Creating a function to calculate standard persons according to the National Insurance Institue criteria.

In [None]:
def nefesh_btl(x):
    l = [1.25, 2, 2.65, 3.2, 3.75, 4.25, 4.75, 5.2]
    if x <= len(l) - 1:
        return l[int(x - 1)]
    else:
        return 5.6 + (x - 9) * 0.4


Creating some lists with the file names and column names, and creating a DataFrame to contain the results of the script.

In [None]:
file_names_exp = ['H20121022datamb', 'H20131021datamb', 'H20141022datamb', 'H20151021datamb', 'h20161022datamb', 'H20171021datamb', 'H20181021datamb']
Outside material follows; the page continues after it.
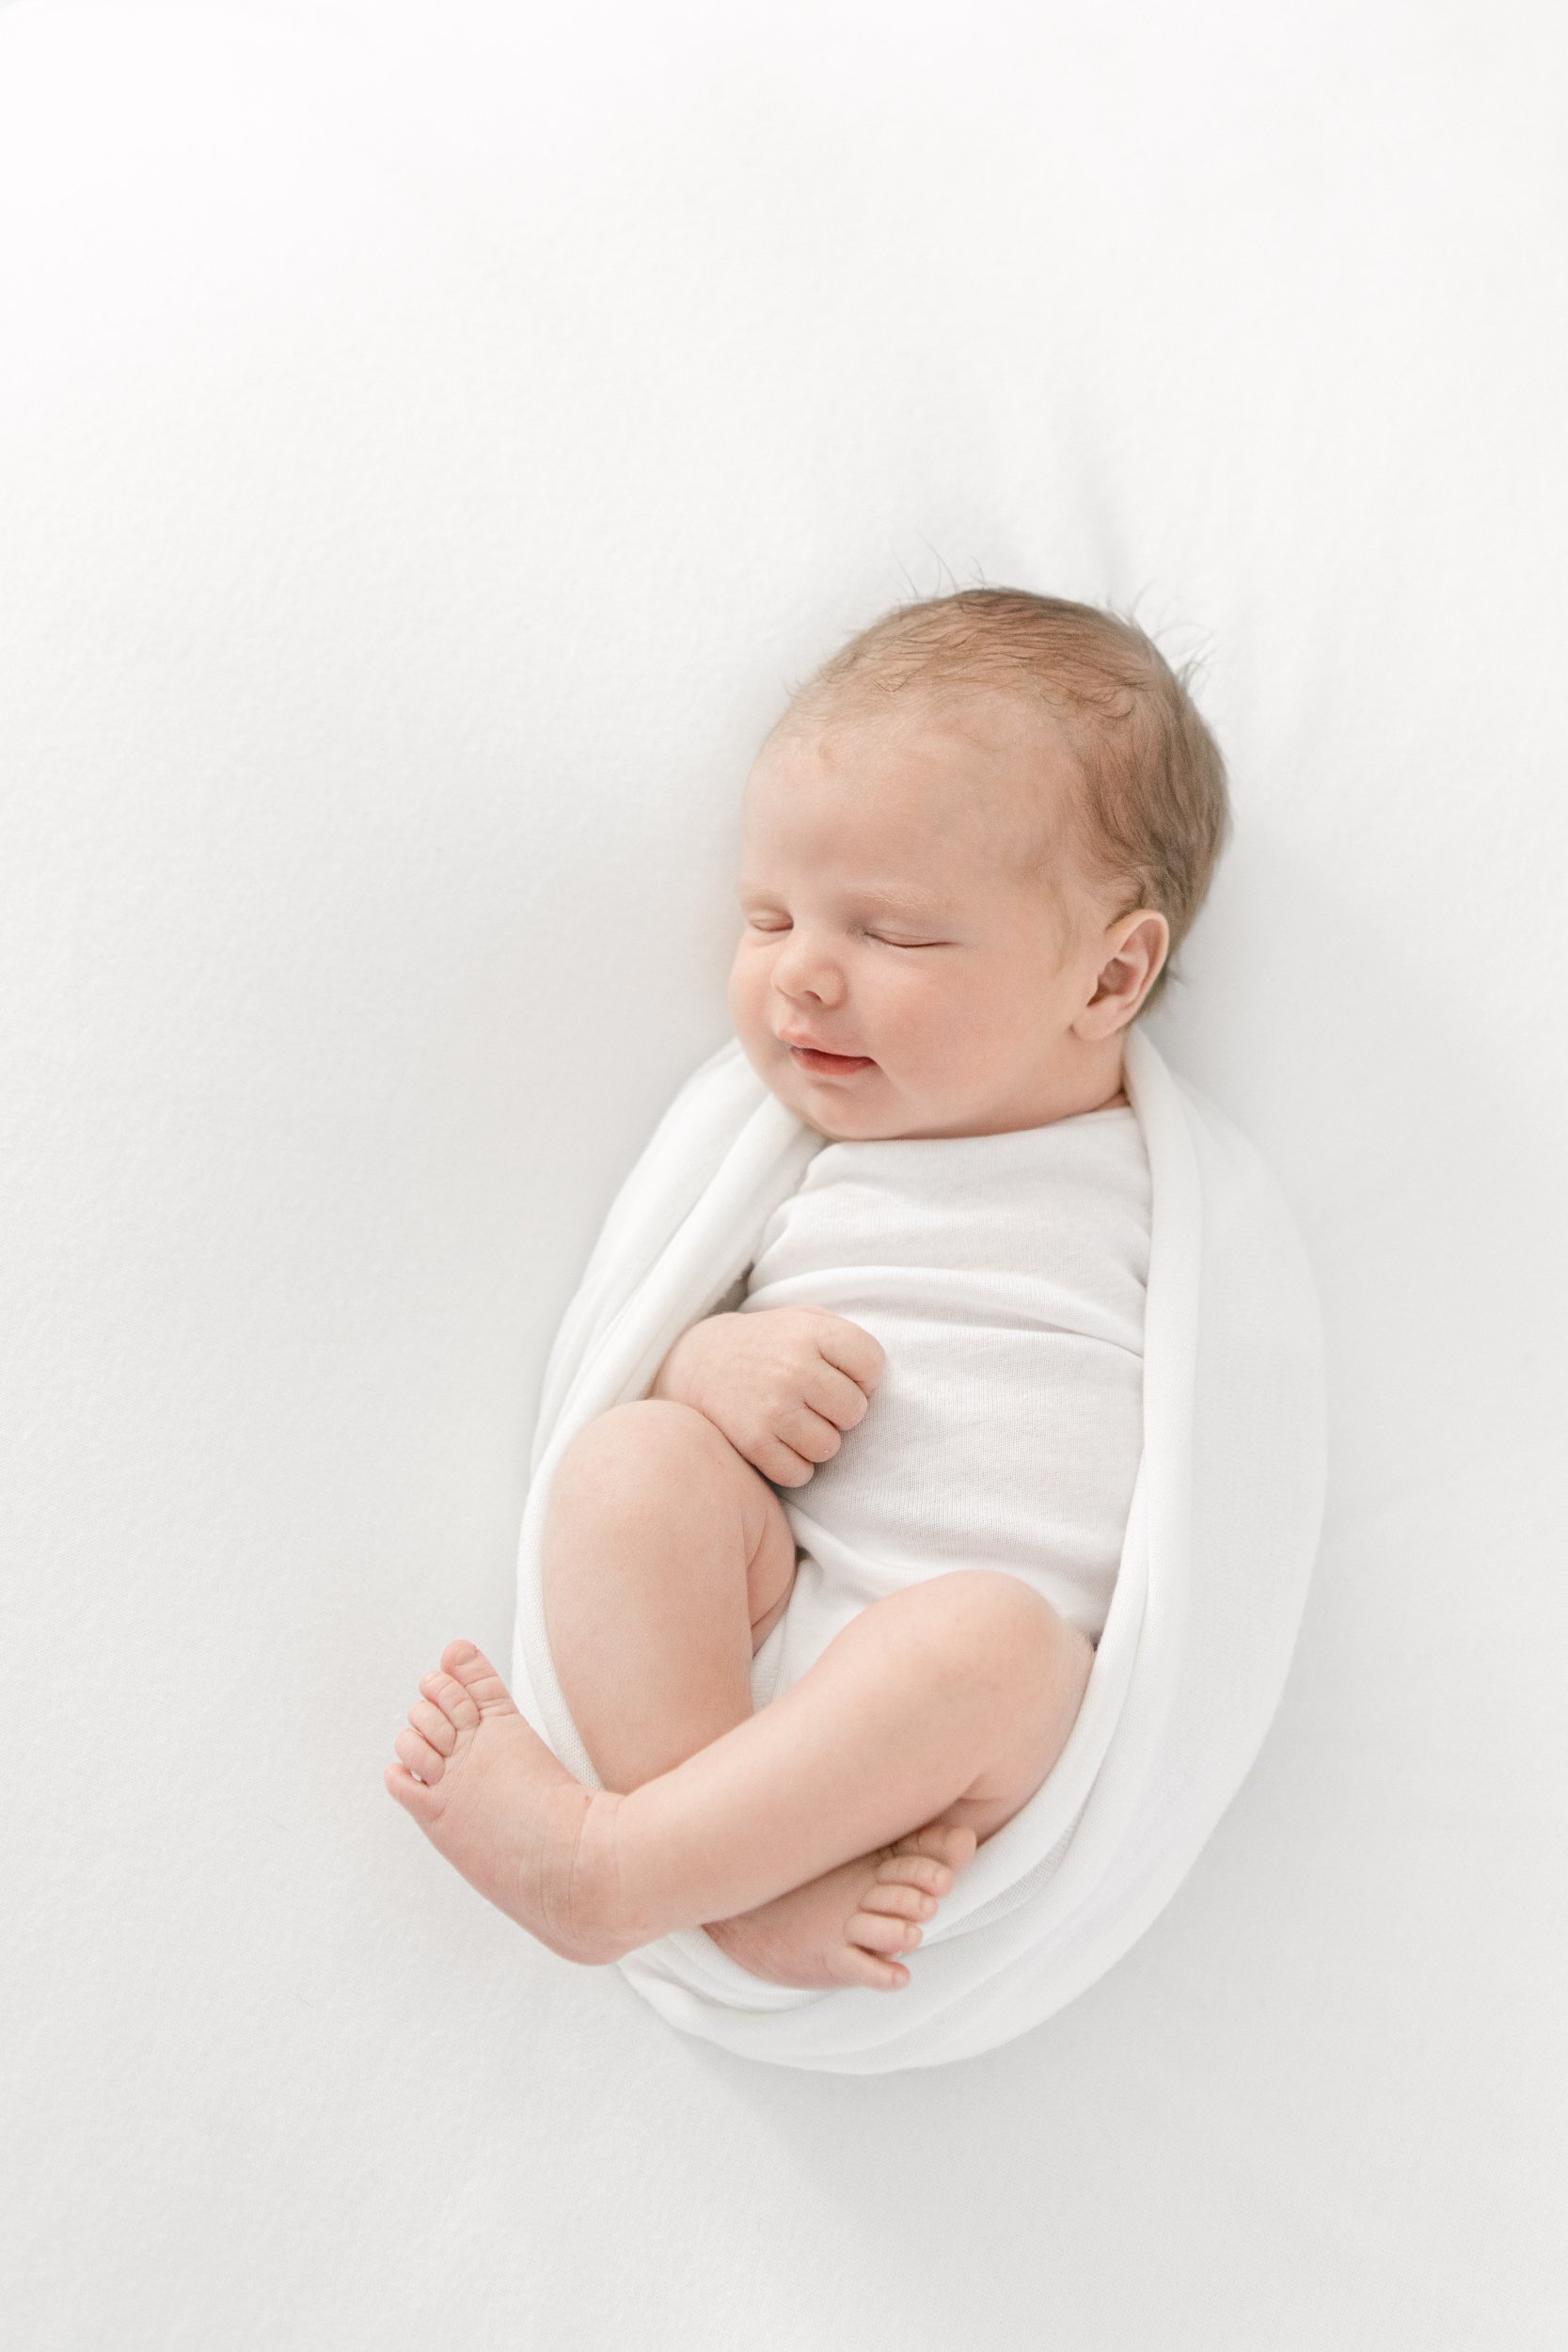  Tender newborn baby wrapped in a white swaddle with her legs sticking out and sleeping captured in a New Jersey studio by Nicole Hawkins Photography. baby wrapped in a swaddle all-white studio newborn session baby swaddle pose ideas baby feet baby l

years_list_long = ['2012','2013','2014-2015','2016','2017', '2018']
file_names_long = ['H20121284DataMb', 'H20131282datamb', 'H201420151282datamb', 'h20161281datamb', 'h20171281datamb', 'h20181281datamb']
years_results = ['2012', '2013', '2014', '2016', '2017', '2018']

oni_type_list = ['oni_threshold_','oni_hb', 'oni_nefashot']
threshold_list = ['net_to_nefesh','bruto_to_nefesh','total_bruto_to_nefesh','total_net_to_nefesh']

results = pd.DataFrame(index = map(str, list(np.arange(2012, 2019))))

base_address = r'C:\Users\User\Google Drive\k_data\CBS Households Expenditures Survey\famexp_'

The loop for the Expenditure Surveys, which starts by importing a survey file.

In [None]:
for year, file_name in zip(range(2012, 2019), file_names_exp):
    df = pd.read_csv(base_address + str(year) + '\\'+ file_name + '.csv')

Calculating average net income per household and average net income per standard person per household.

In [None]:
    results.loc[str(year), 'mean_hotzaot'] = np.average(df['net'], weights = df['weight'])
    results.loc[str(year), 'mean_to_nefesh_hotzaot'] = np.average(df['net']/df['nefashot'], weights = df['weight'])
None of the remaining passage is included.